Health Center expands counseling staff


The counseling center at the Engemann Student Health Center added six new full-time staff members this semester. This initiative, which began after meetings between President C.L. Max Nikias, Provost  Michael Quick and Undergraduate Student Government  last semester, will decrease waiting times for students seeking counseling.

Hannah Nguyen, director of USG’s Academic Culture Assembly and an organizer of Health Awareness Month, said that this is the first step in the right direction.

“It’s a wonderful milestone for mental health on campus,” Nguyen said. “The way the counseling center works is getting a little out of hand.”

USG President Rini Sampath, who has placed this issue at the forefront of USG’s agenda, mentioned that some students had to be transferred to counseling centers in other areas.

“If a student were to call the student counseling center and ask for an appointment, they would have to wait several weeks for that appointment to actually take place,” Sampath said. “These students were being essentially outsourced to these services Downtown and in other areas, and some of them actually said that it increased their feeling of anxiety and stress to actually have to go somewhere else.”

Christine Hasrouni, USG director of wellness affairs, discussed how before this recent addition, the total number of full-time staff members — after combining counselors’ part-time hours and full-time hours — totaled 17, a small number for the nearly 43,000 students attending USC. Hasrouni added that this negative assessment of USC’s mental health services is quite impartial.

“Members of different universities across the nation, including UCLA, came to our campus and reviewed our counseling center and, overwhelmingly, all of them said, ‘There are not enough counselors,’” Hasrouni said. “They did interviews with the staff and students, and I was one of the people they interviewed, so after that they took it to higher administration and agreed … We need more counselors.”

Hasrouni hopes that this new addition will lead to a gradual increase in full-time staff in upcoming years. However, she also stated that increasing staff at Engemann wouldn’t necessarily benefit all groups of students.

“One of the problems is that counseling and therapy are very western ideas in general, and not everyone feels comfortable seeing a therapist, and so we have to look at different routes of how we deal with mental health,” Hasrouni said.

One solution Hasrouni mentioned is to allocate counselors at the University’s various cultural centers, in order to offer students staff members that understand specific cultural issues. Sampath also stressed the importance of dealing with cultural taboos.

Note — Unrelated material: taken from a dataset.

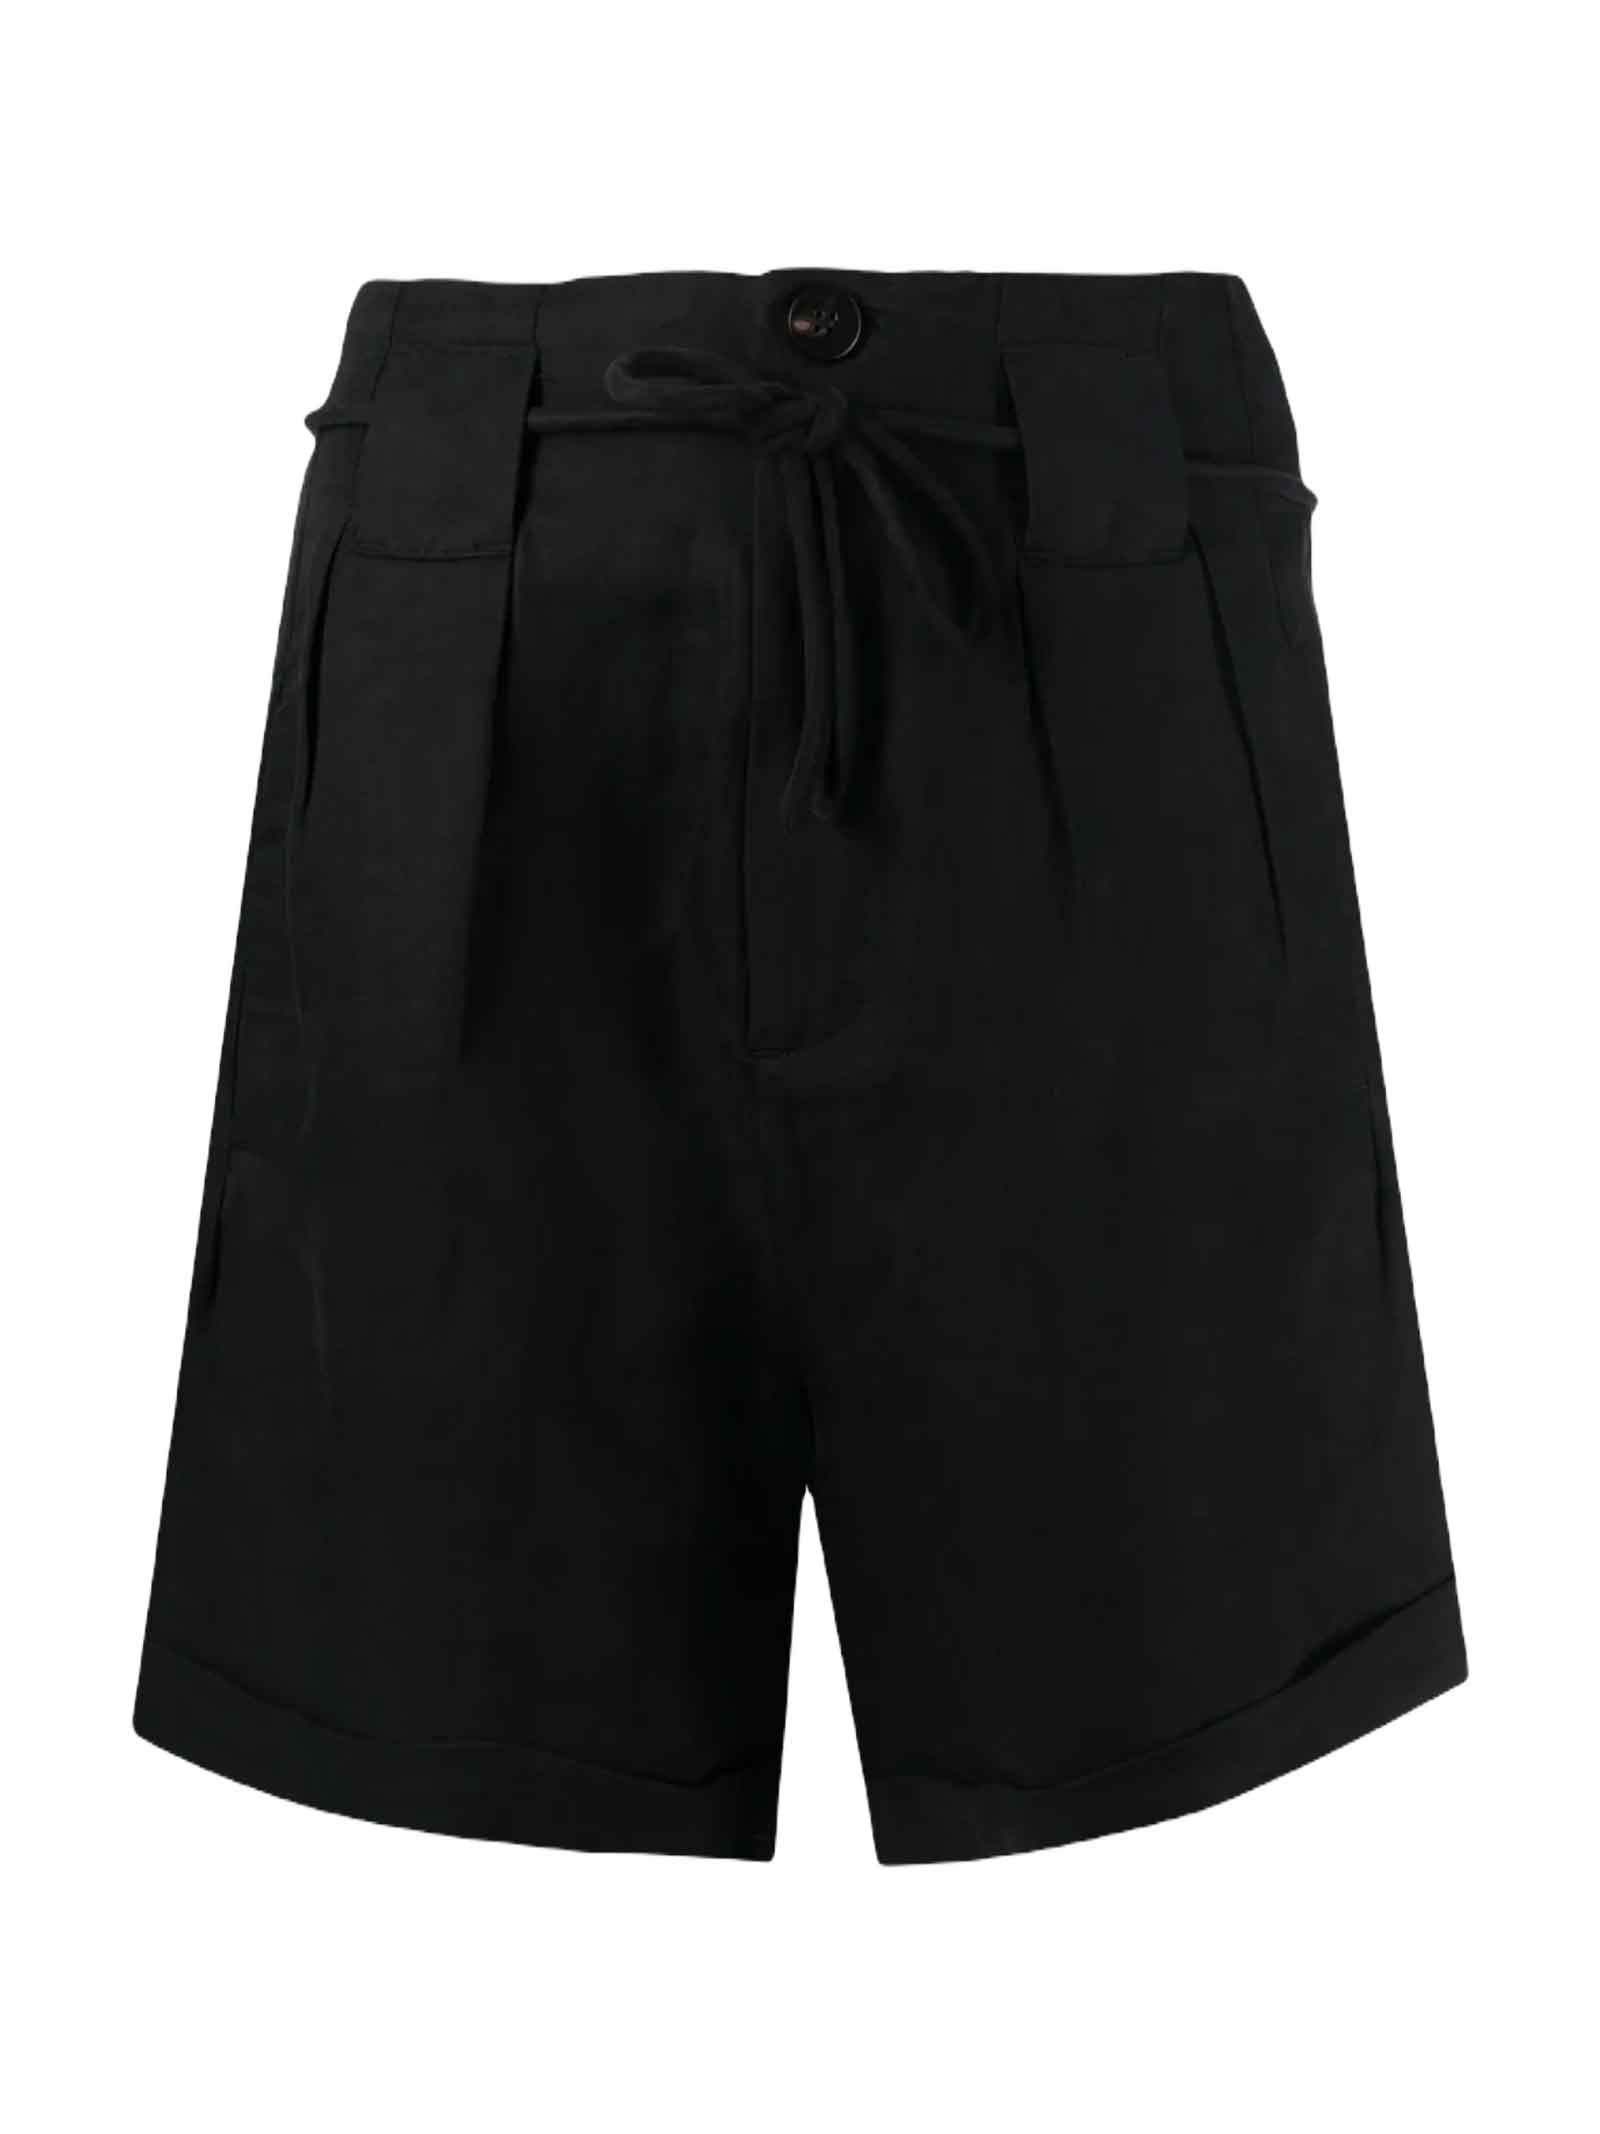 Scotch & Soda Black Shorts Women - Nero - female - Size: Large

“What about access for marginalized communities that have a stigma around mental illness?” Sampath said. “For example, Asian Pacific Islander communities, unfortunately, do not seek out mental health because there is a stigma around mental health, so one thing we are hoping to do is encourage the administration to implement counselors at the resource centers.”

Furthermore, Sampath is hoping that in the future, counselors will be available in residence halls to shorten distances and facilitate access for students.

“I am interested to see in moving beyond conversations of counselors at the counseling center into conversations about what does it mean to take care of our students,” Sampath said.

Sampath said she wants USC to stop worrying about regulations and more about students’ health.

“There is one phrase that I really liked that we discussed at the Pac-12 summit this weekend: ‘moving beyond compliance and creating a culture of care,’” Sampath said. “Our university and administrators need to know that it is not just about complying with the rules and regulations of the federal government and American Disabilities Act or whatever it might be, but really asking, ‘Are our students happy and comfortable, or are they excluded from the conversation?’”

Viewing the issue with a practical outlook, Hasrouni said that a major strategy would be to better publicize the resources that already exist.

“There are so many things on campus dealing with mental health that students don’t know about,” Hasrouni said. “For example, we have the Office of Wellness and Health Promotion. They have wellness advocates, which are students that go through training on different issues like mental health, sexual health and nutrition, and they hold office hours and are meant for peer help … And in that office they also have massage chairs and free coffee.”